Context: This is the second project in a 2 project series where we learn about containers.
Scope: unix, Docker, Python, R, Singularity
Questions
Question 1
Containers solve a real problem. In this project, we are going to demonstrate a real-world example of code that doesn’t prove to be portable, and we will fix it using containers.
Check out the code (questions and solutions) in the Fall 2020 STAT 29000 Project 3, and try to run the solution for question (4) in your Jupyter Notebook. You’ll quickly notice that the code no longer works, as-is. In this case it is (partly) due to incorrect paths for the Firefox executable as well as the Geckodriver executable. These changes occurred because we switched systems from Scholar to Brown.
What if we could create a container to run this function on any system with a OCI compliant engine and/or runtime? Let’s try!
-
Code used to solve this problem.
-
Output from running the code.
Question 2
Okay, below is a modified version of the code from the previous question.

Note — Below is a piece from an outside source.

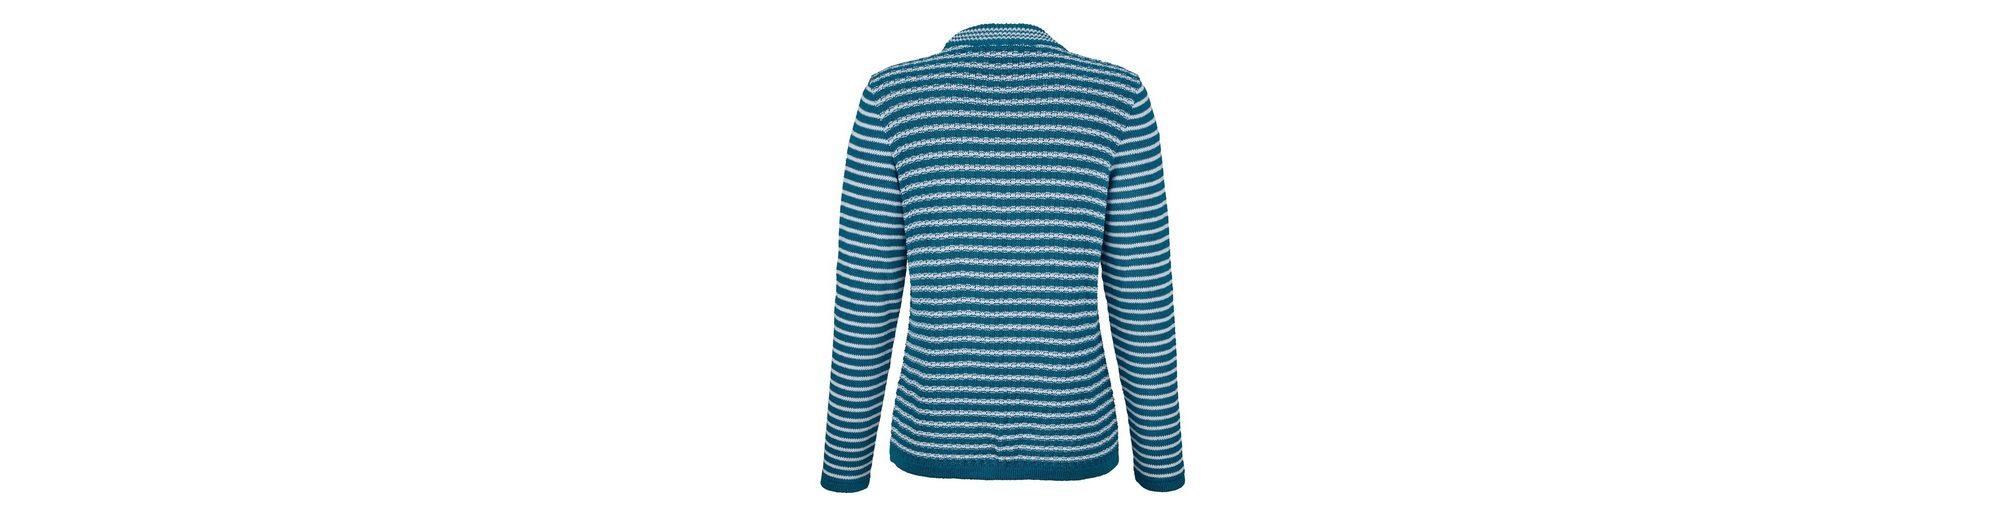 Dress In Pullover in Streifendessin Spielraum sjzAW

All we have done is turned it into a script that would be run as follows:
python get_price.py zip 47906
Okay, here it is:
import sys
import re
import os
import time
import argparse
from selenium import webdriver
from selenium.webdriver.common.keys import Keys
from selenium.webdriver.firefox.options import Options
from selenium.common.exceptions import NoSuchElementException
from selenium.webdriver.common.by import By
from selenium.webdriver.firefox.service import Service
def avg_house_cost(zip: str) -> float:
firefox_options = Options()
firefox_options.add_argument("window-size=1920,1080")
firefox_options.add_argument("--headless") # Headless mode means no GUI
firefox_options.add_argument("start-maximized")
firefox_options.add_argument("disable-infobars")
firefox_options.add_argument("--disable-extensions")
firefox_options.add_argument("--no-sandbox")
firefox_options.add_argument("--disable-dev-shm-usage")
firefox_options.binary_location = '/class/datamine/apps/firefox/firefox'
service = Service('/class/datamine/apps/geckodriver', log_path=os.path.devnull)
driver = webdriver.Firefox(options=firefox_options, service=service)
url = 'https://www.trulia.com/'
driver.get(url)
search_input = driver.find_element(By.ID, "banner-search")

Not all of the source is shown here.